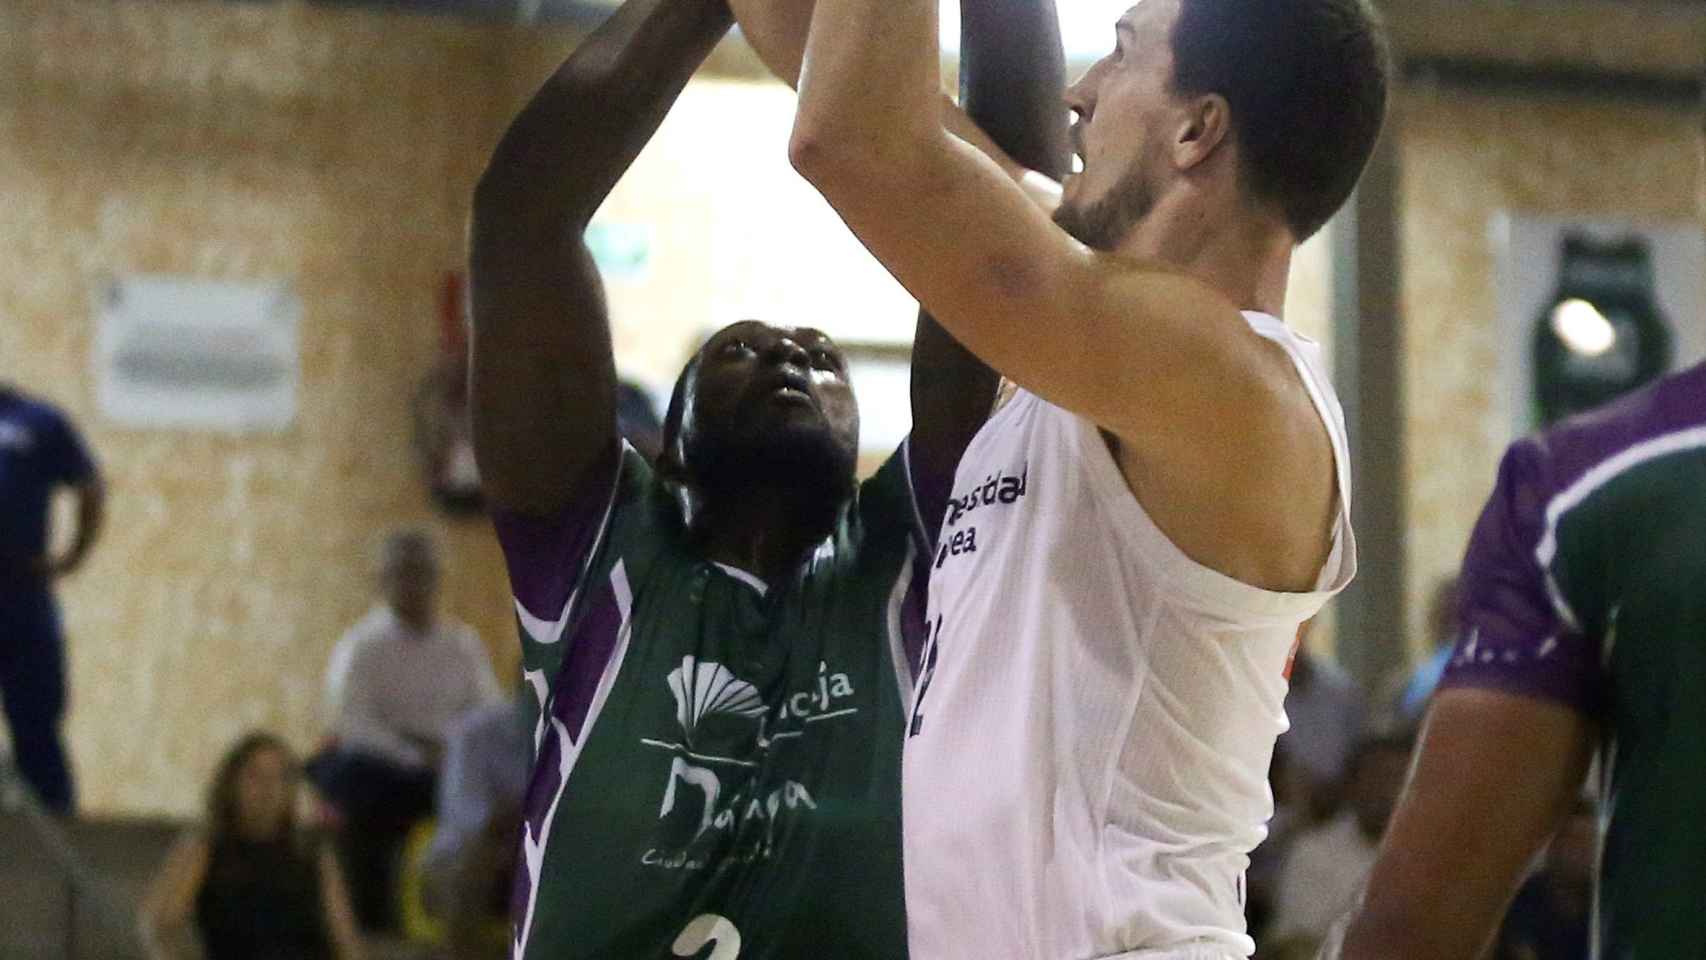 Kuzmic lanza a canasta durante la final del VIII Torneo Internacional de baloncesto Costa del Sol
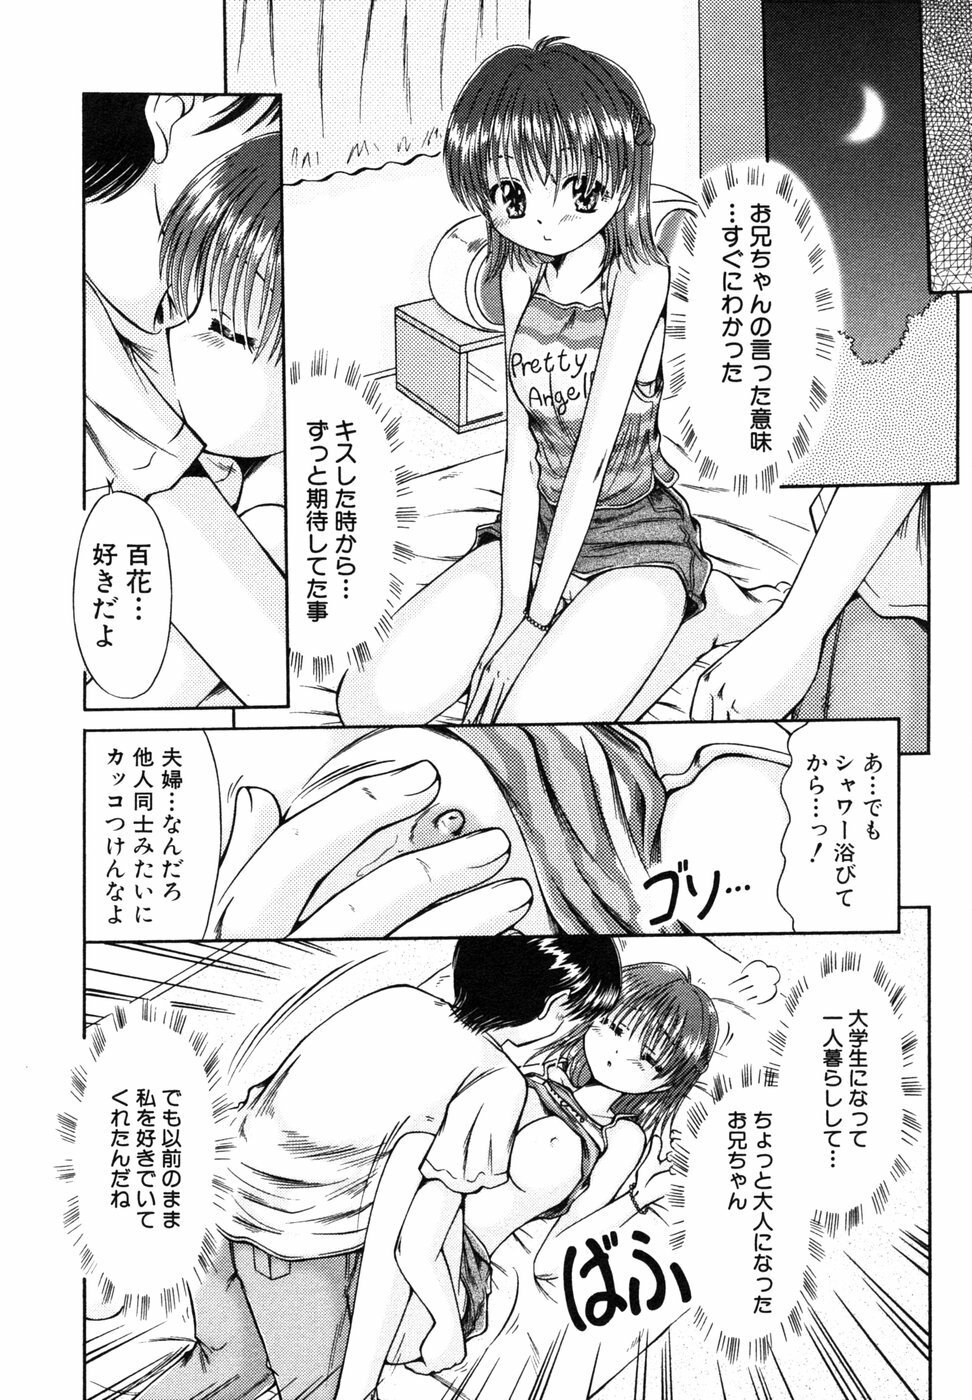 [Anthology] Himitsu no Tobira 5 Kinshin Ai Anthology (The Secret Door) page 25 full
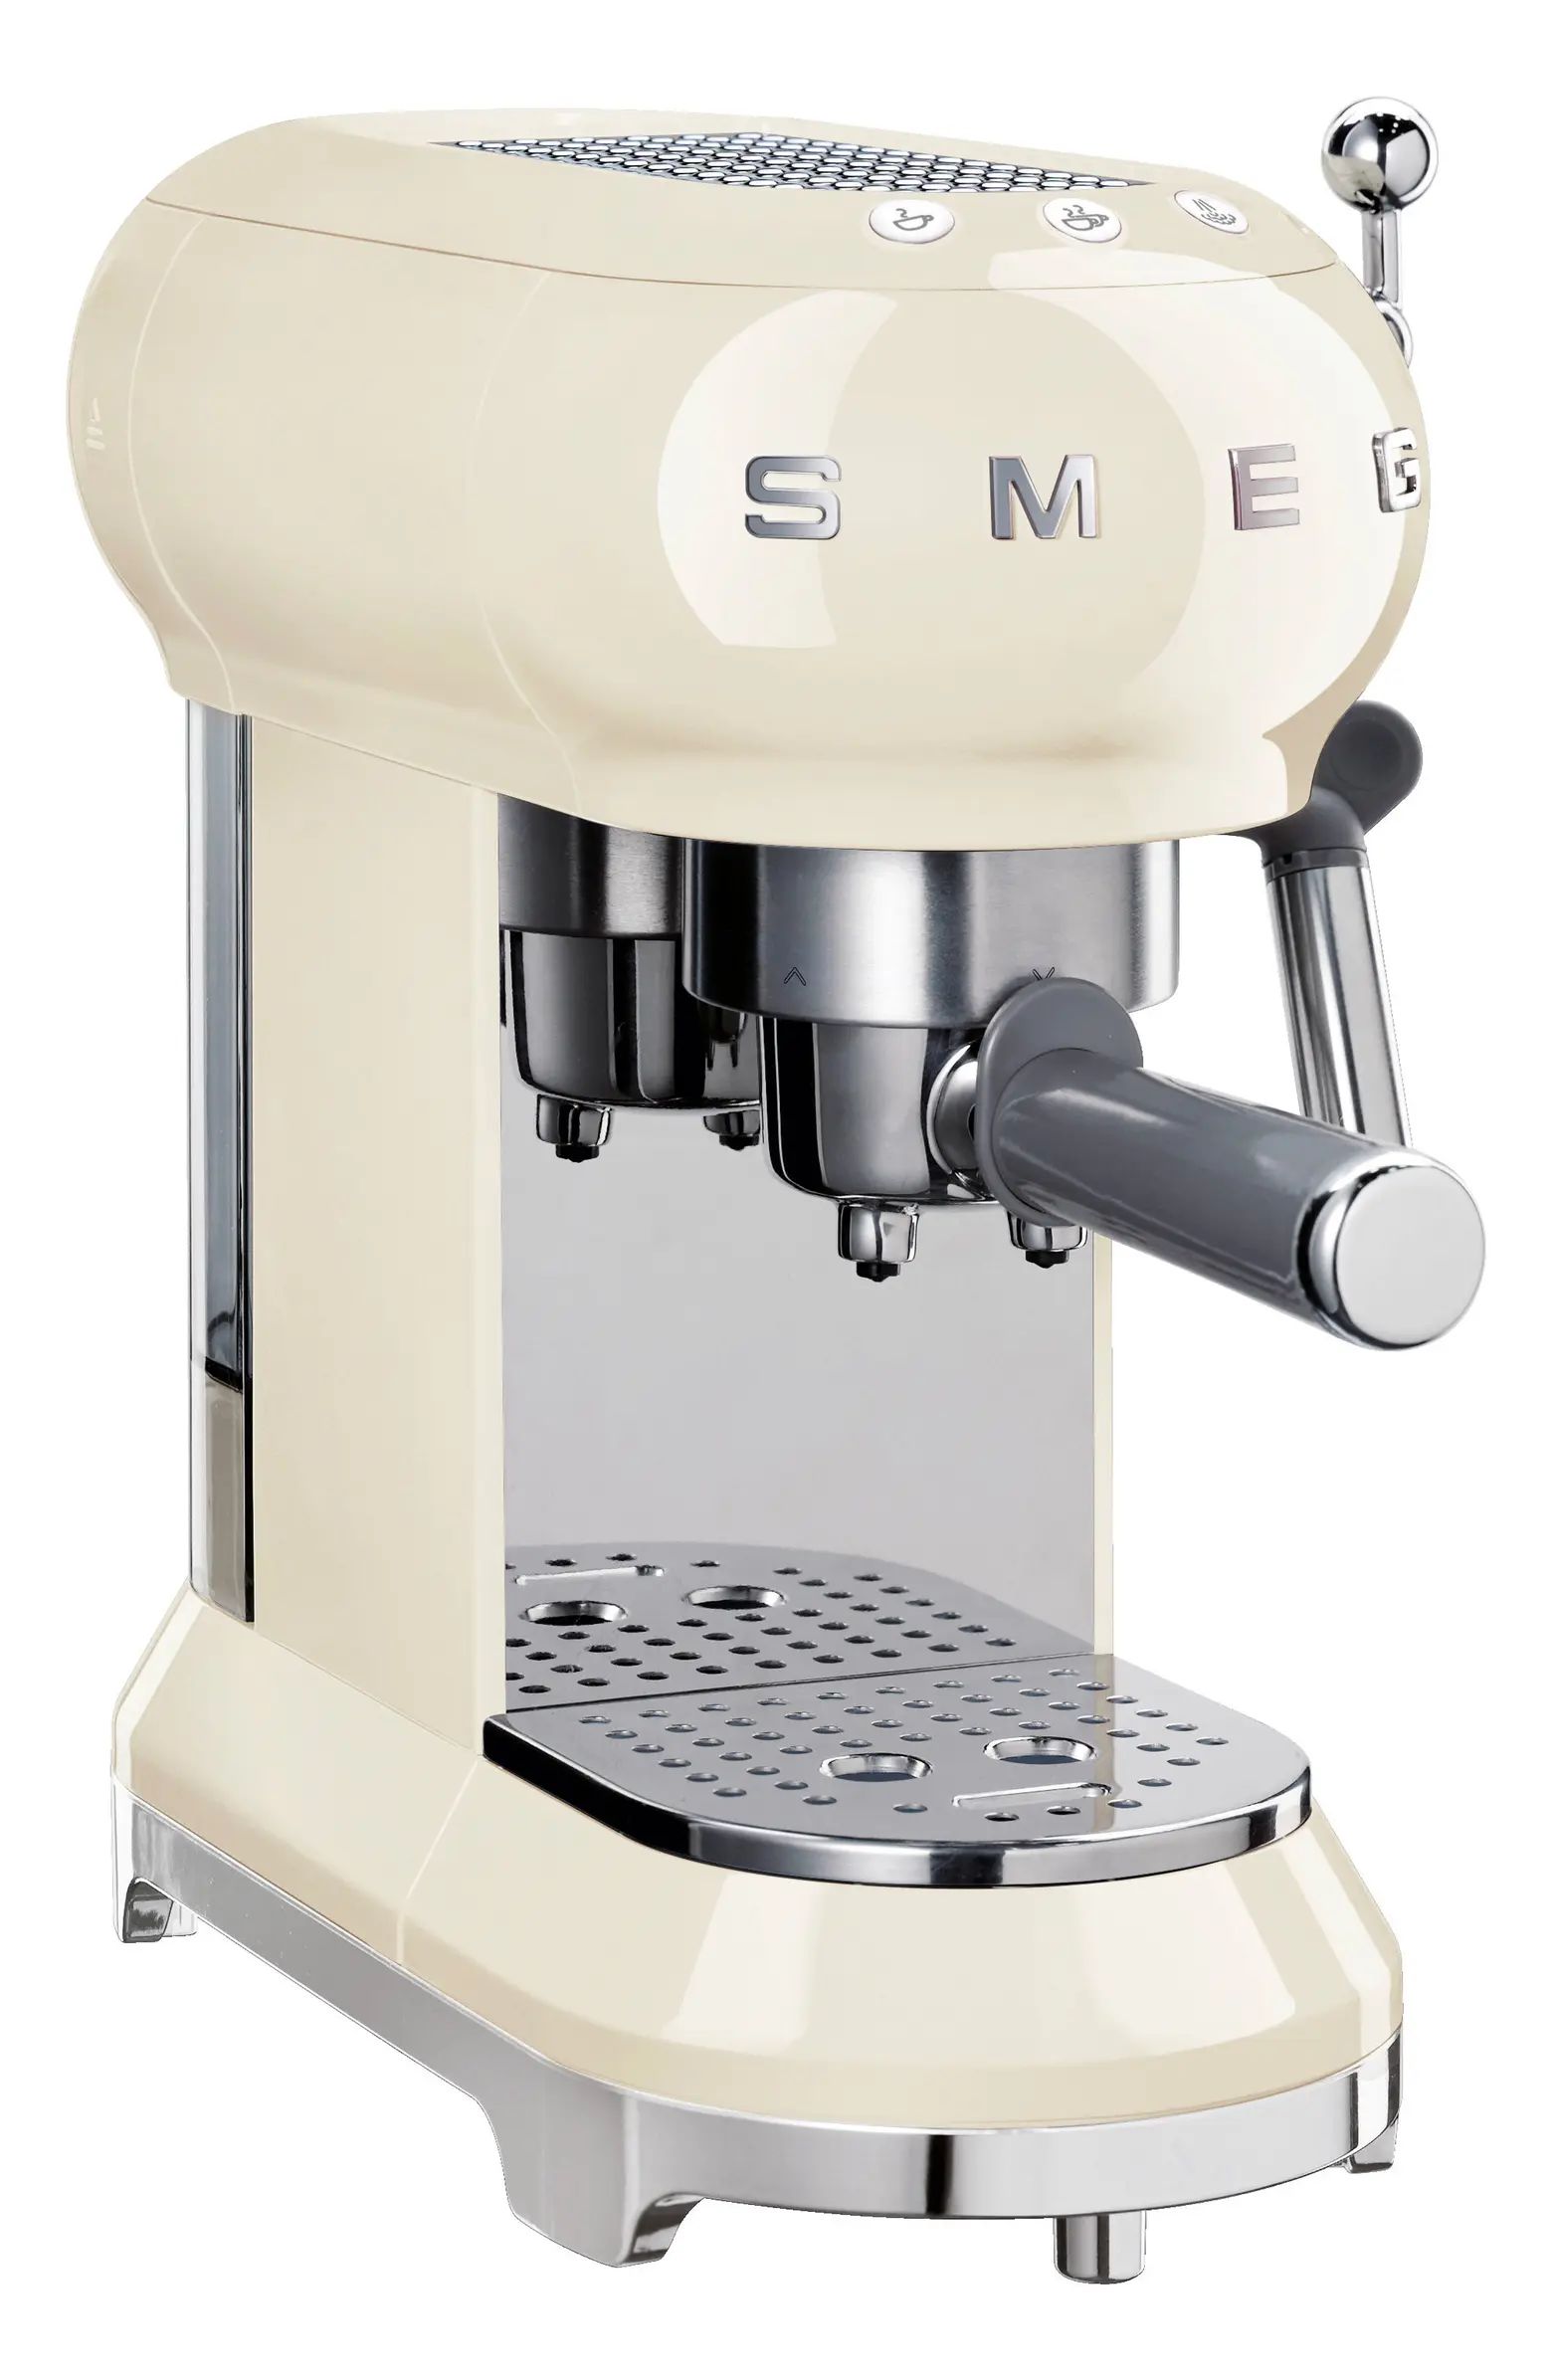 '50s Retro Style Espresso Coffee Machine | Nordstrom

----

:: PROBLEM STATEMENT ::
The material is to be written out word for word, and the pictures are to be left out.

:: YOUR RESPONSE ::
 Kuzmic lanza a canasta durante la final del VIII Torneo Internacional de baloncesto Costa del Sol
 [Anthology] Himitsu no Tobira 5 Kinshin Ai Anthology (The Secret Door) page 25 full
 '50s Retro Style Espresso Coffee Machine | Nordstrom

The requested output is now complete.